__Data block__
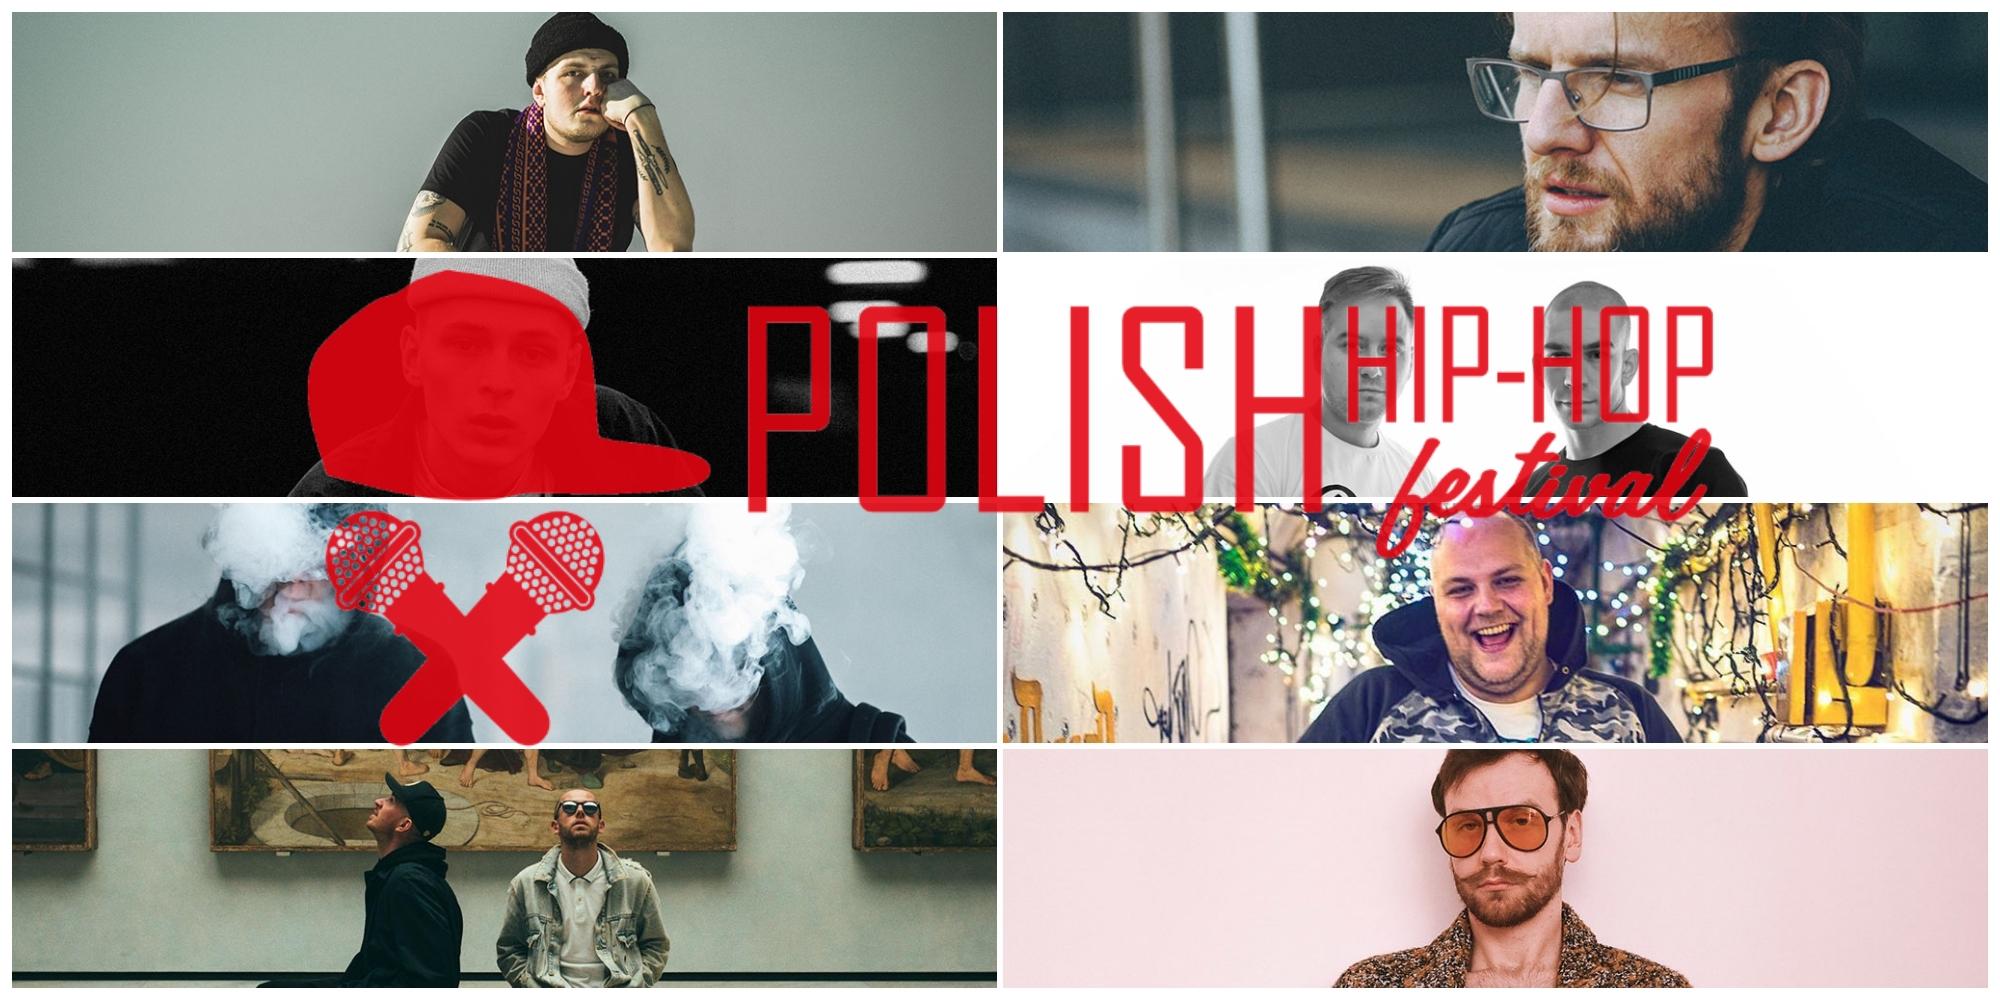 5 ogłoszenie Polish Hip-Hop Festival Płock 2019!
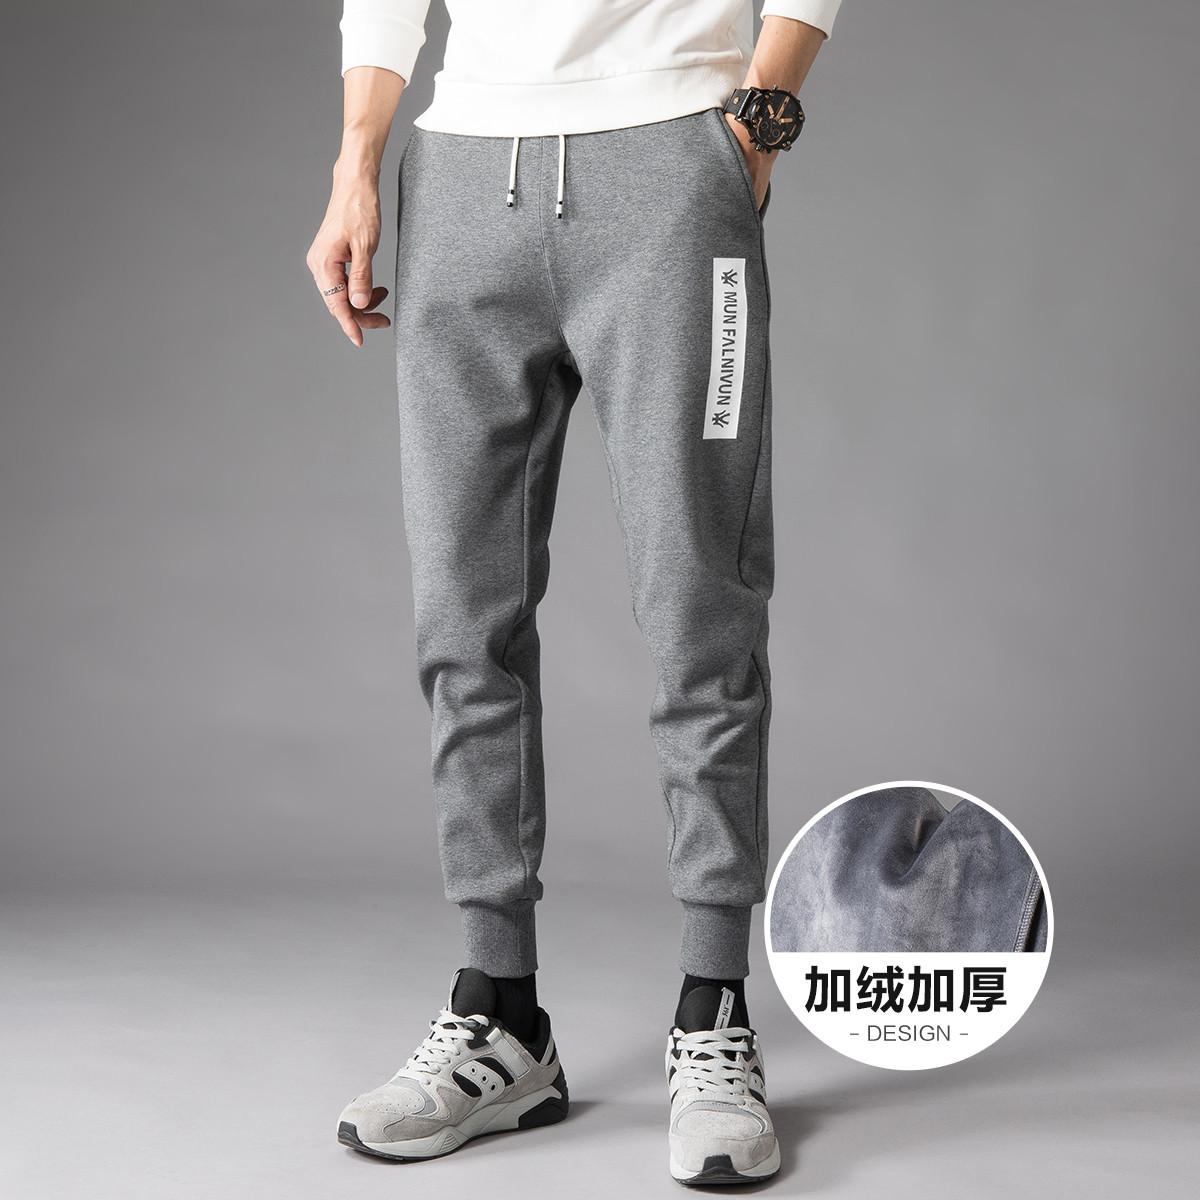 RAMPAGE冬装新品加绒加厚男款运动裤时尚休闲保暖百搭男式长裤RQ221707
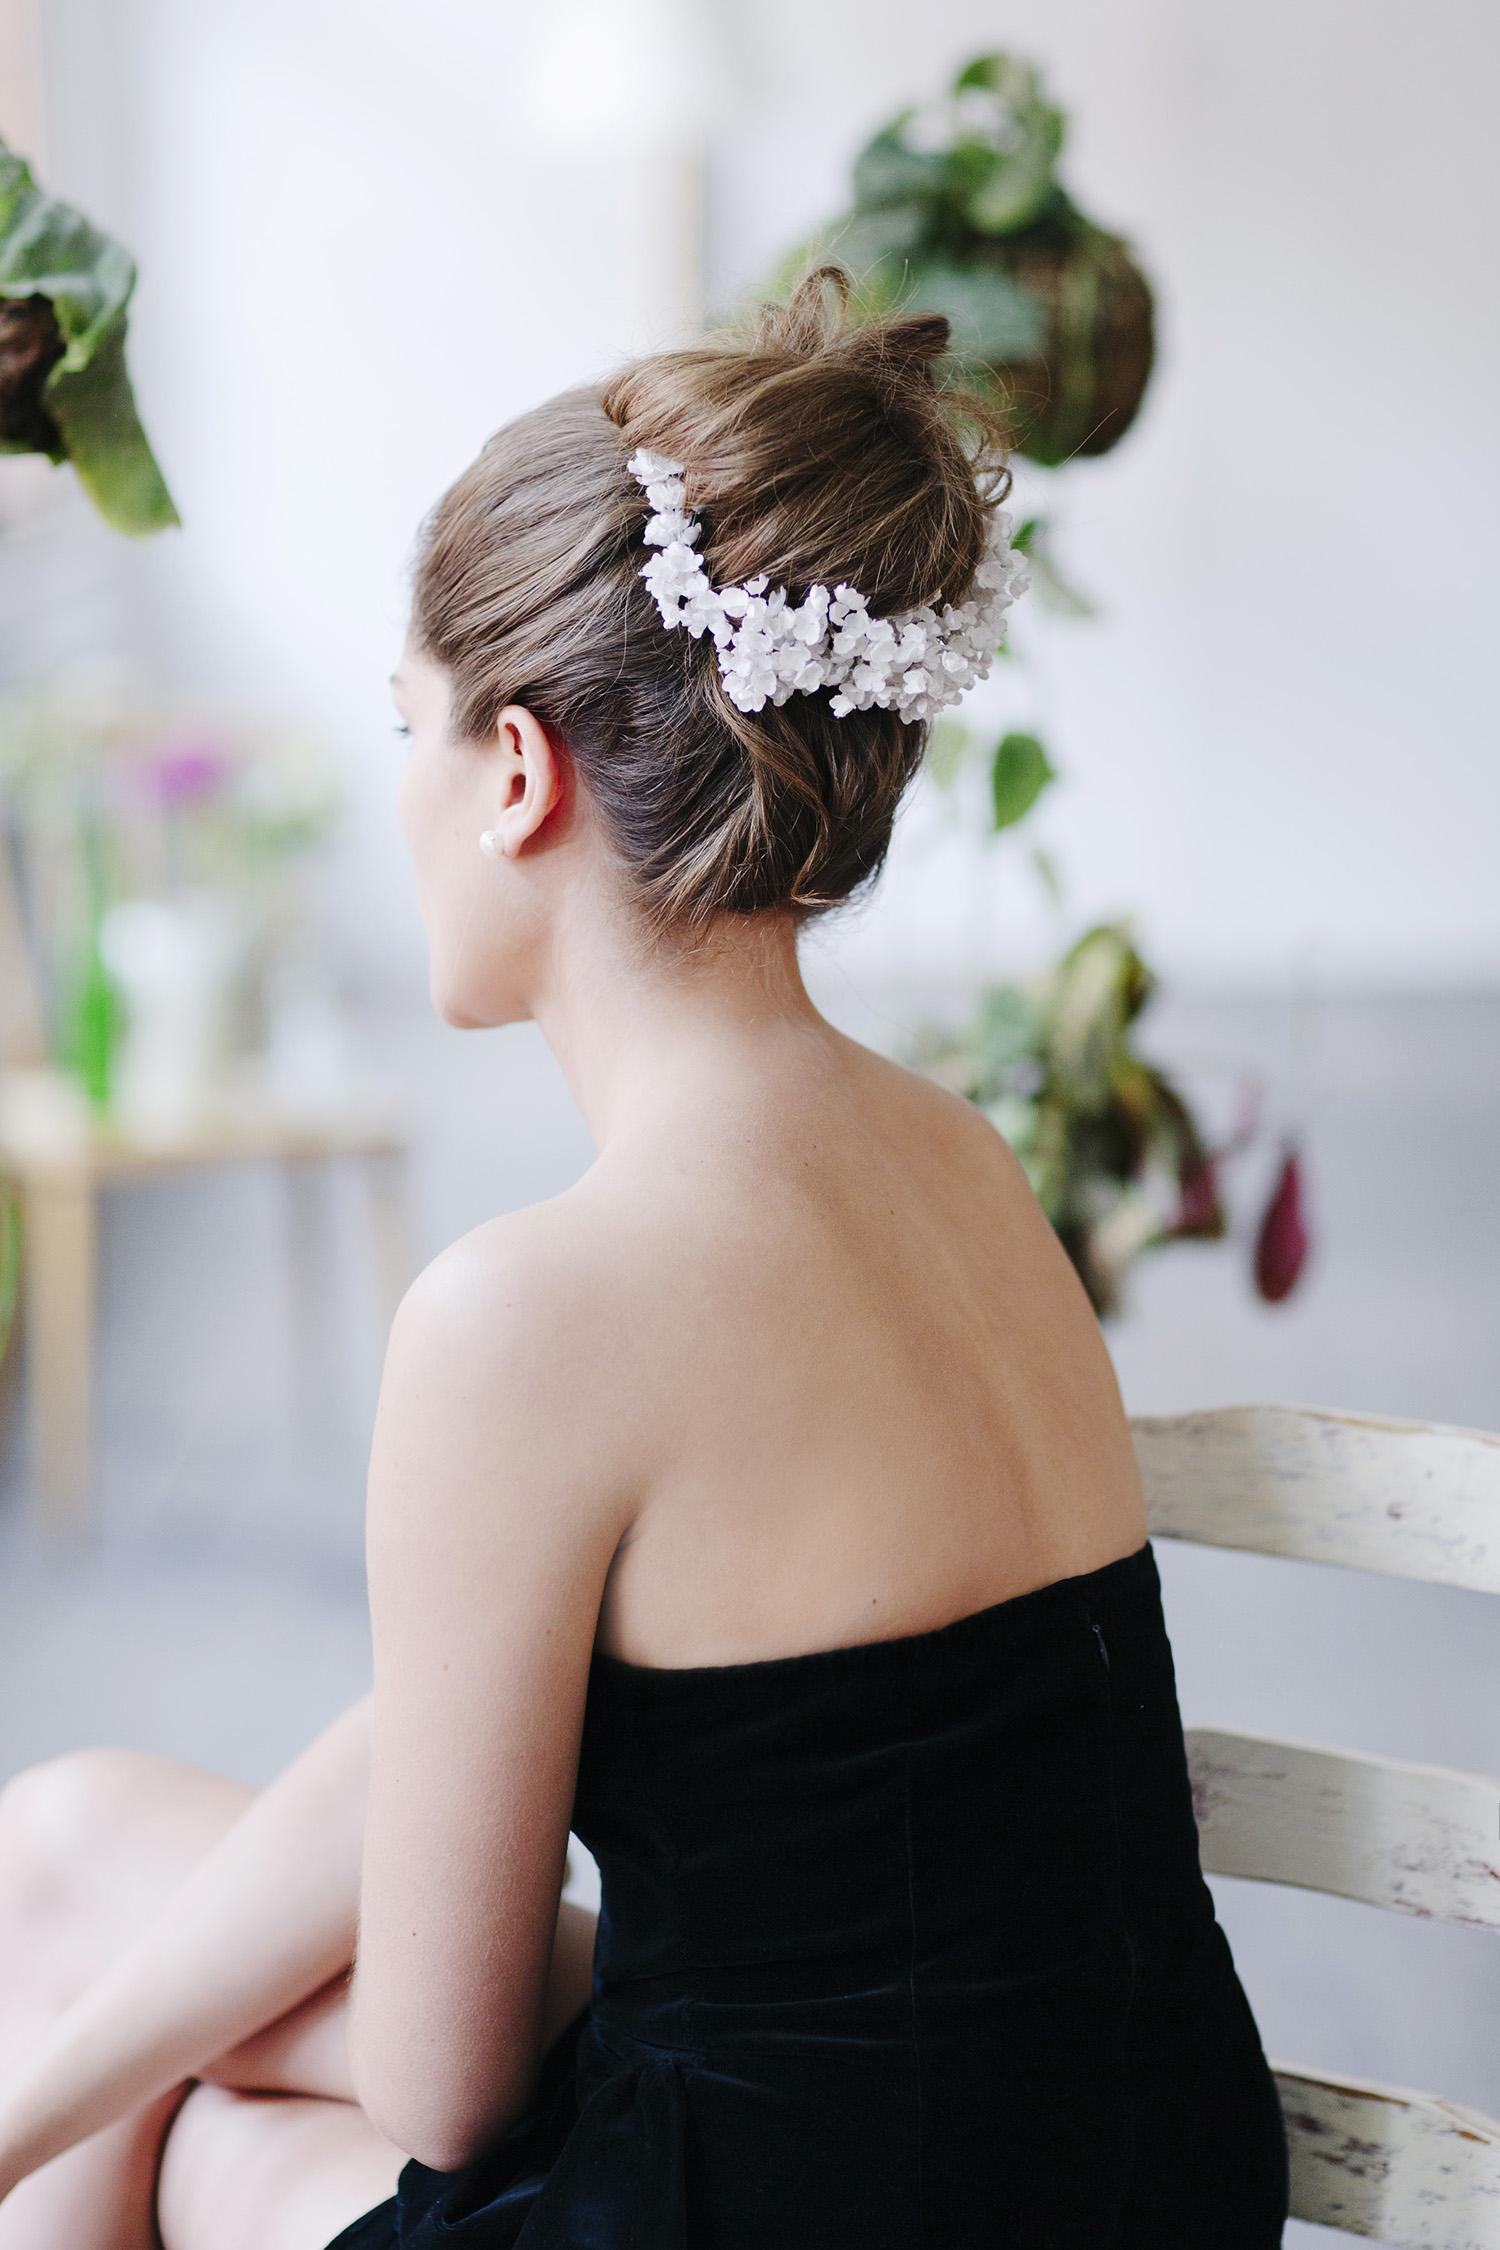 Hair Adornments - Kopfschmuck

__What you will do__
In the copy you write, the data above must appear exactly, with no pictures.

__Answer section__
 5 ogłoszenie Polish Hip-Hop Festival Płock 2019!
 RAMPAGE冬装新品加绒加厚男款运动裤时尚休闲保暖百搭男式长裤RQ221707
 Hair Adornments - Kopfschmuck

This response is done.